#### [Exercise directions]
Find the line that contains "Reiseziel Landschaft, West". Copy it and every line after it to the end of the material below, exactly, with no pictures.
──────── Information provided
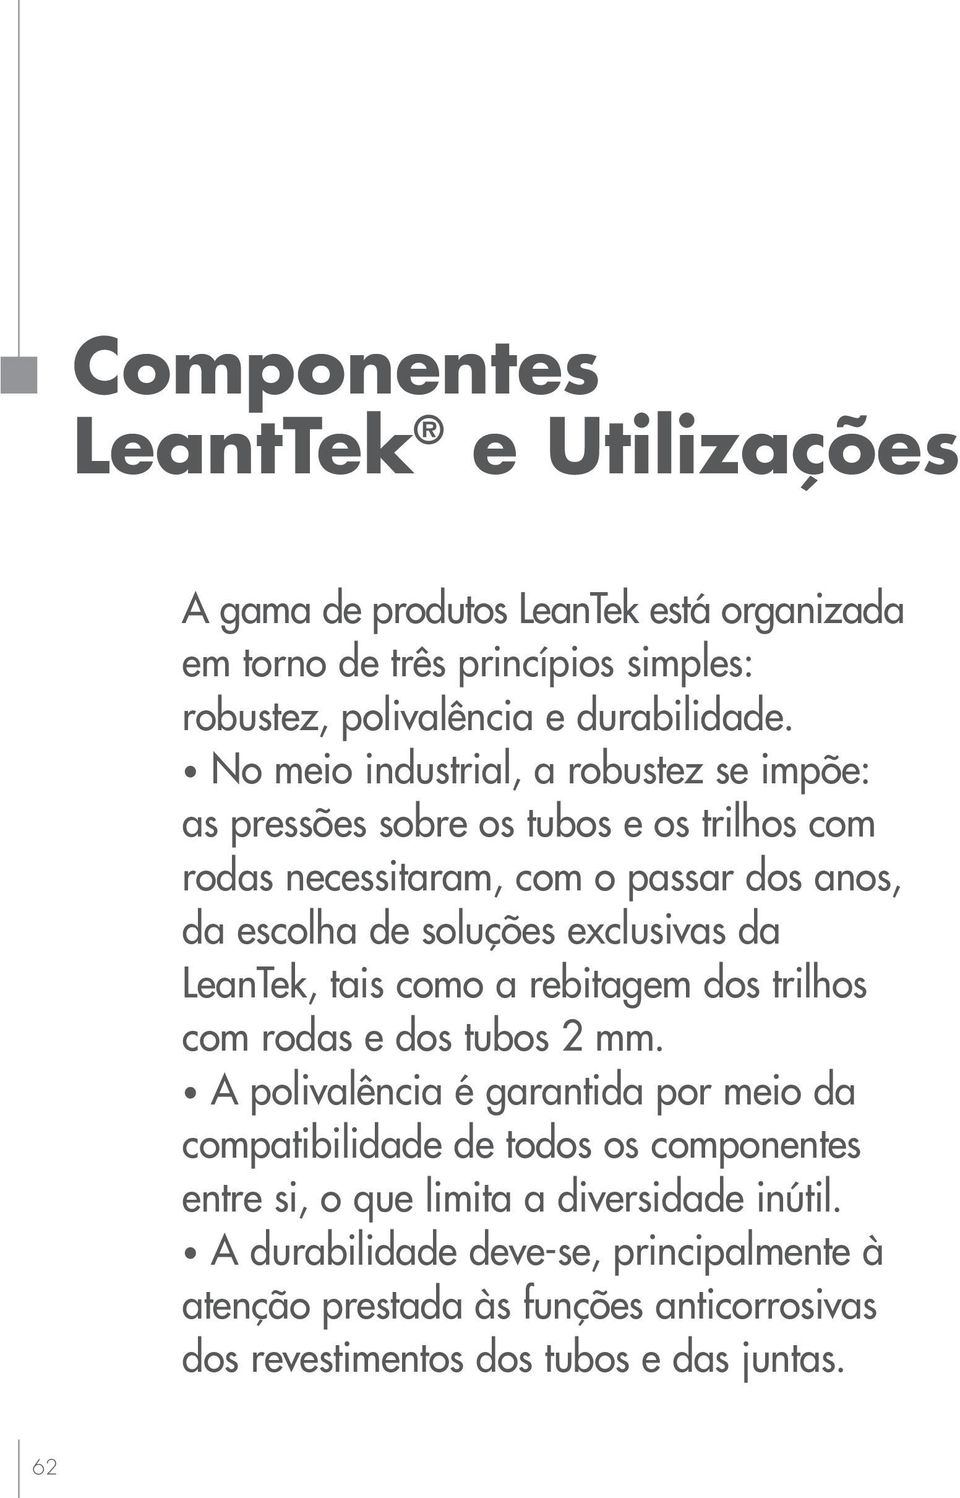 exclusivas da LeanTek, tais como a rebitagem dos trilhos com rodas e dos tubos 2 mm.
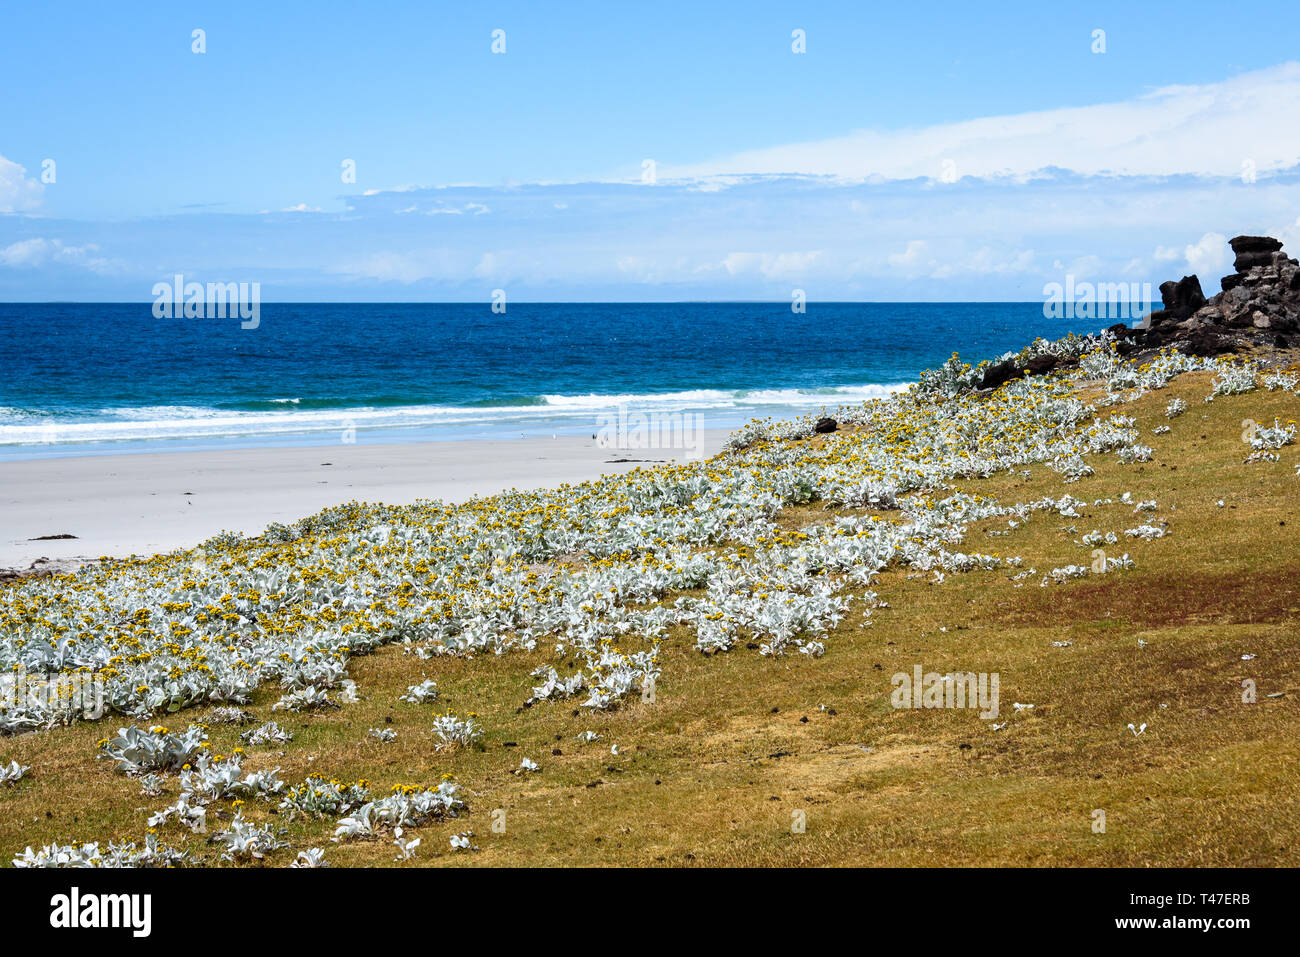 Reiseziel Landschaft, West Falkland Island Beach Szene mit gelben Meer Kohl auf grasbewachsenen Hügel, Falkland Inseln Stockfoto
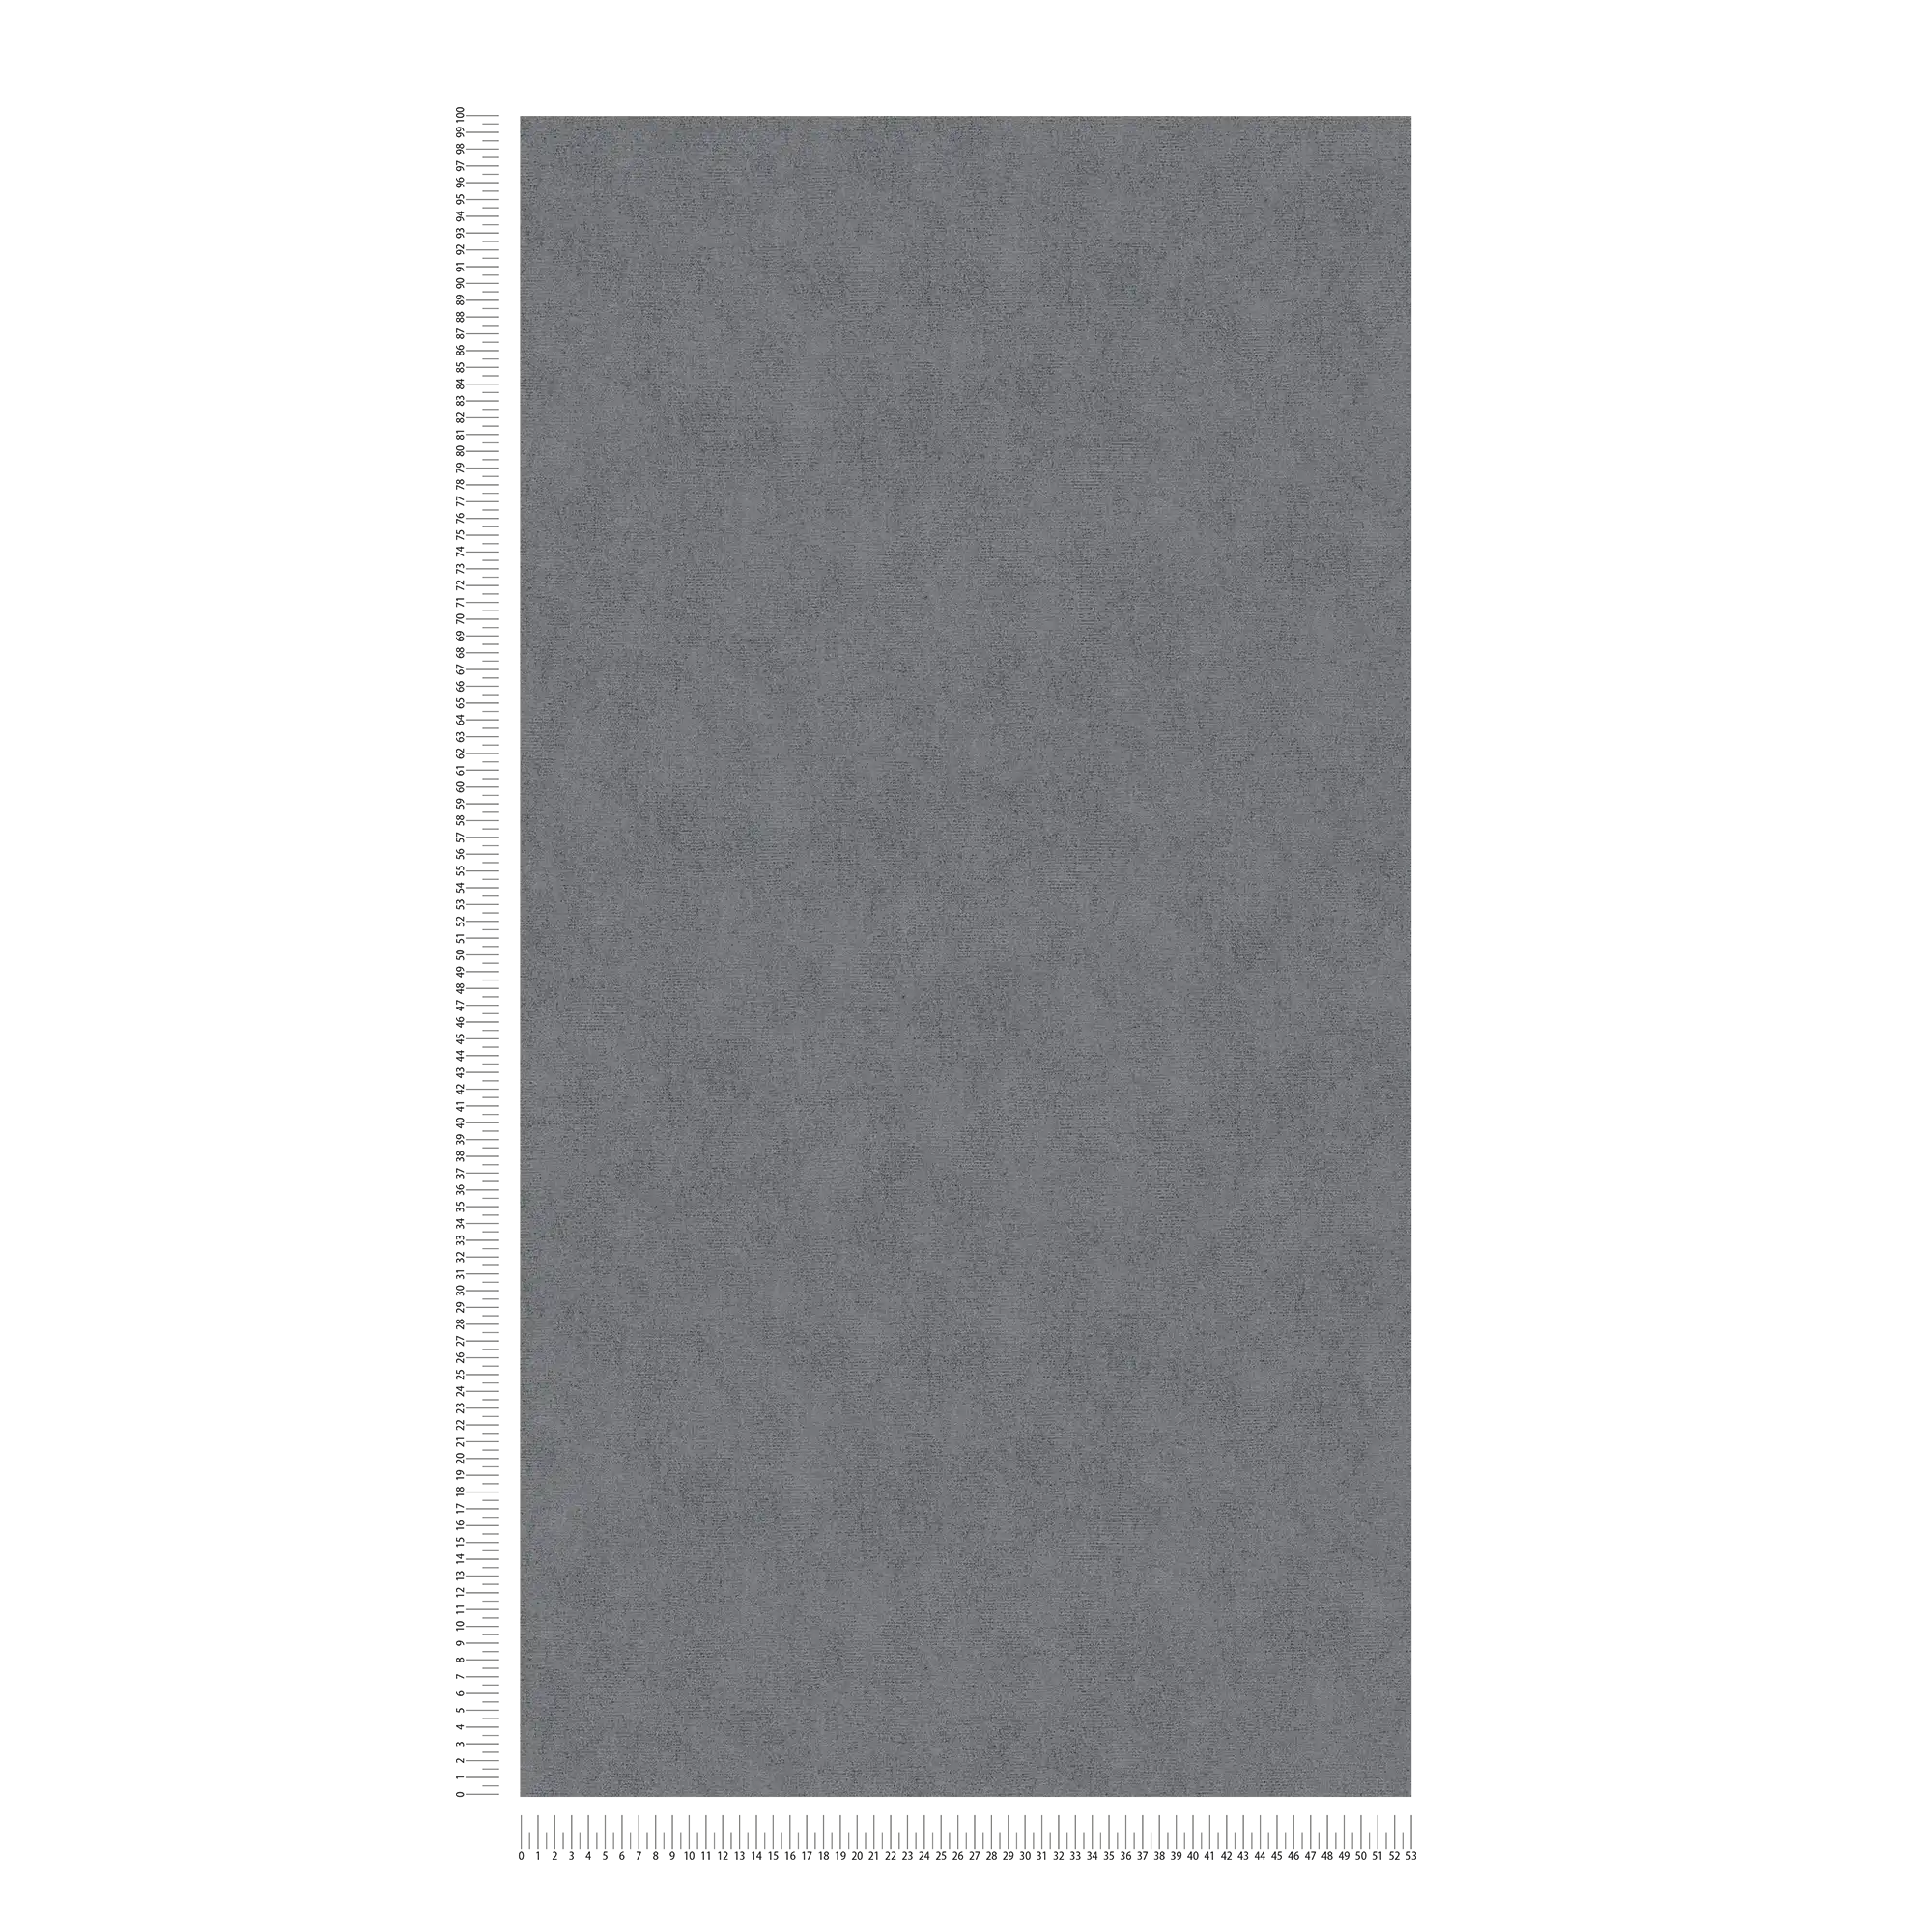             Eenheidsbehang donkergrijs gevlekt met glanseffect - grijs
────────────────
#### [Exercise response]
 Reiseziel Landschaft, West Falkland Island Beach Szene mit gelben Meer Kohl auf grasbewachsenen Hügel, Falkland Inseln Stockfoto
             Eenheidsbehang donkergrijs gevlekt met glanseffect - grijs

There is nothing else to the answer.